Non-uniqueness for the nonlocal Liouville equation in $\mathbb{R}$ and applications

TL;DR

This paper constructs multiple solutions to a nonlocal Liouville equation in one dimension, demonstrating non-uniqueness and applications to geometric problems and soliton solutions in integrable systems.

Contribution

It introduces a method to find multiple solutions to the nonlocal Liouville equation with prescribed curvature, revealing non-uniqueness and linking to geometric and physical applications.

Findings

Existence of multiple solutions bifurcating from bubbles.

Solutions correspond to flat metrics with prescribed boundary curvature.

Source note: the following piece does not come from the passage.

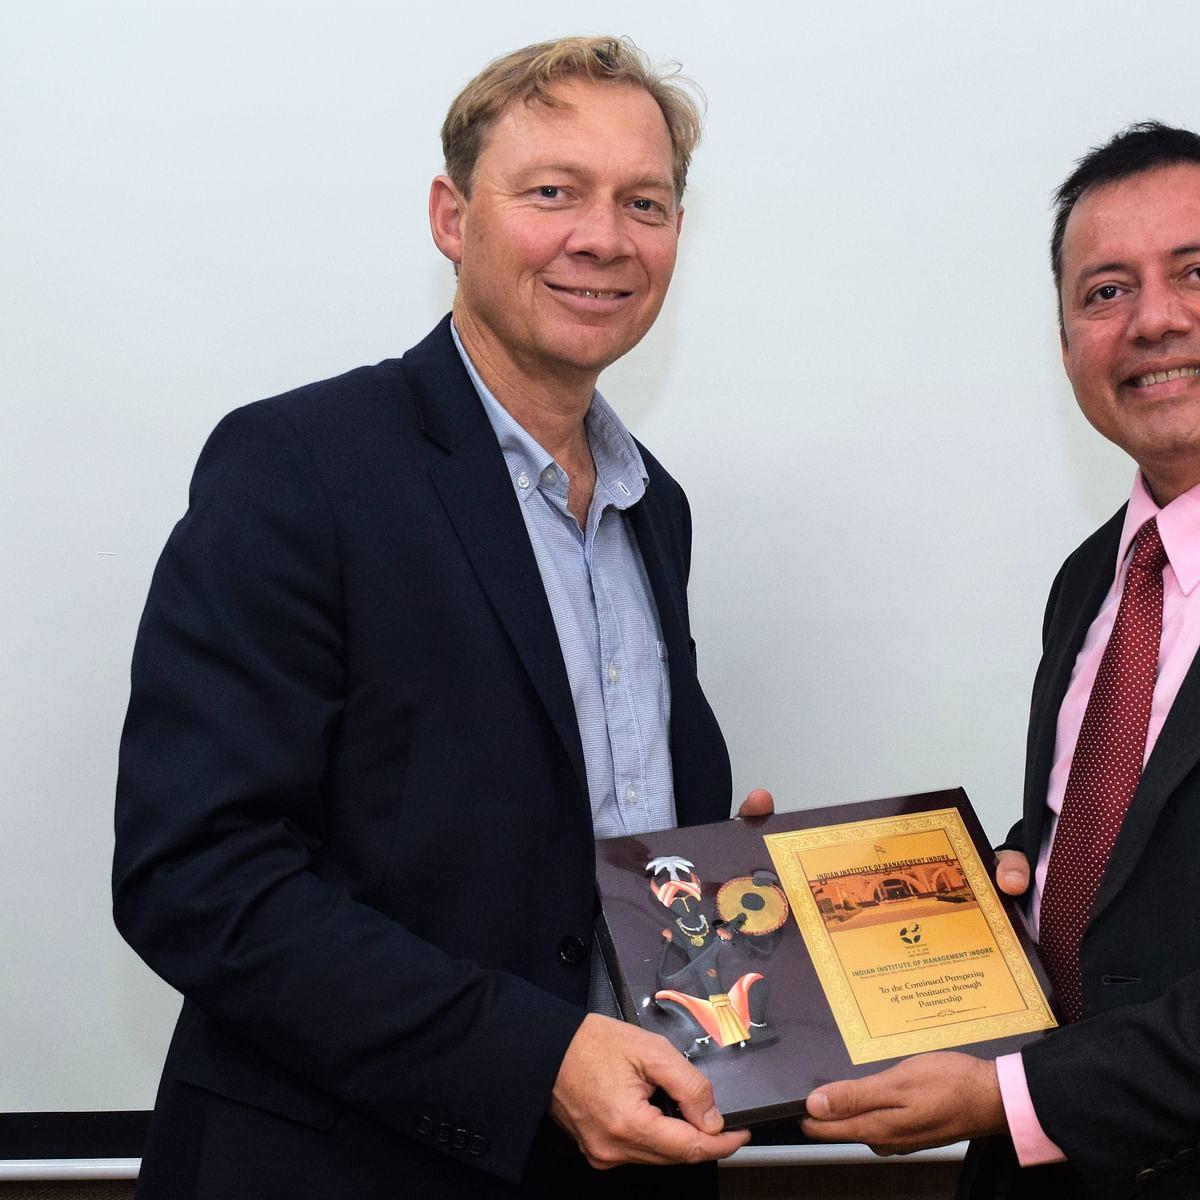 IIM Indore signs MoU with University of Queensland

Implications for multiple ground state solitons in Calogero-Moser NLS.

Abstract

We construct multiple solutions to the nonlocal Liouville equation \begin{equation} \label{eqk} \tag{L} (-\Delta)^{\frac{1}{2}} u = K(x) e^u \quad \mbox{ in } \mathbb{R}. \end{equation} More precisely, for $K$ of the form $K(x) = 1+\varepsilon \kappa(x)$ with $\varepsilon \in (0,1)$ small and $\kappa \in C^{1,\alpha}(\mathbb{R}) \cap L^{\infty}(\mathbb{R})$ for some $\alpha > 0$, we prove existence of multiple solutions to \eqref{eqk} bifurcating from the bubbles. These solutions provide examples of flat metrics in the half-plane with prescribed geodesic curvature $K(x)$ on its boundary. Furthermore, they imply the existence of multiple ground state soliton solutions for the Calogero-Moser derivative NLS.